How to treat pyoderma in dogs

Pyoderma typically responds to treatment within 3 to 4 weeks, although in severe cases, treatment may extend for several months. The primary approach to managing pyoderma involves the use of topical and oral medications.

  • Topical medication

    A veterinarian has several topical options to treat a skin condition. They can prescribe an ointment, spray, or use a medicated shampoo safe for pets. Medicinal shampoos typically contain benzoyl peroxide, sulfur, salicylic acid, or chlorhexidine, and can be applied to the skin for at least 10 minutes. Medicated shampoo can effectively remove germs and crusts, while also relieving itchiness, odor, and excess oil.

  • Oral medication

    Antibiotics are commonly prescribed for pyoderma, with a typical duration of 3-4 weeks. Some commonly used antibiotics include amoxicillin, cephalexin, and clindamycin. However, if the condition is chronic and recurrent, appropriate antibiotics should be selected based on bacterial culture and antibiotic susceptibility testing, and the duration of treatment may be extended to 8-12 weeks. It is important to continue taking the medication as prescribed, even if symptoms do not improve. Additionally, depending on the symptoms, medications to relieve itching or inflammation may also be prescribed. If there is an underlying cause, such as allergic dermatitis, it is important to address it along with treating the pyoderma in your dog.

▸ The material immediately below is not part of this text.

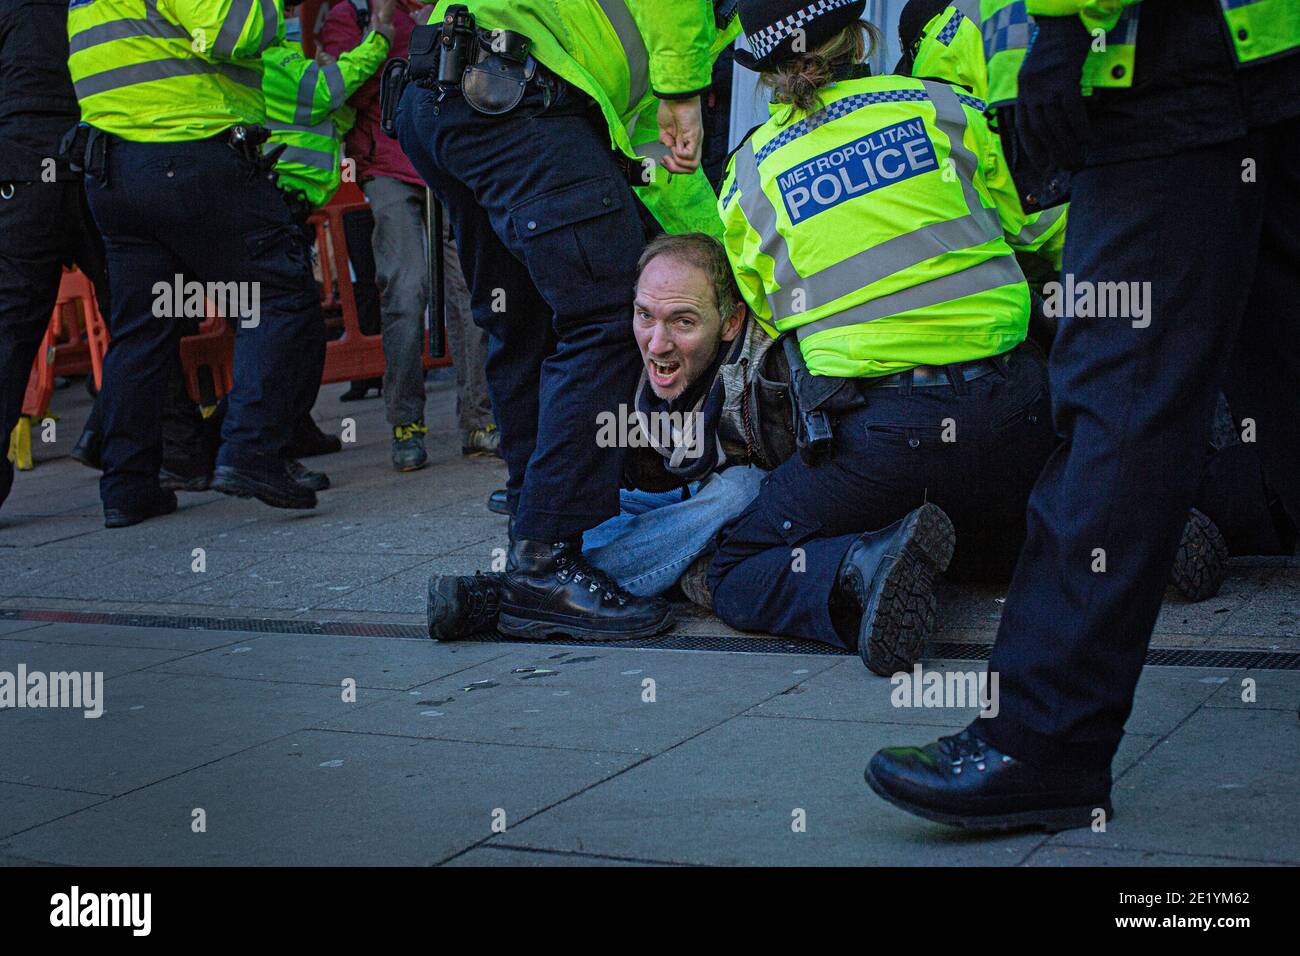 Un manifestant est arrêté par la police sur Clapham High Street lors de la manifestation anti-verrouillage le 9 janvier 2021 à Londres, en Angleterre Banque D'Images

How to prevent pyoderma in dogs

Bacterial growth thrives in warm and humid environments, therefore, it is crucial to ensure that your puppy is dry at all times. Particularly after bathing, swimming, etc. Additionally, it is advisable to keep their hair short in areas that are prone to wrinkles or have severe skin lesions.

For individuals with an underlying disease that causes pyoderma, it is essential to monitor skin symptoms periodically. Early treatment of pyoderma is highly recommended to prevent the condition from progressing.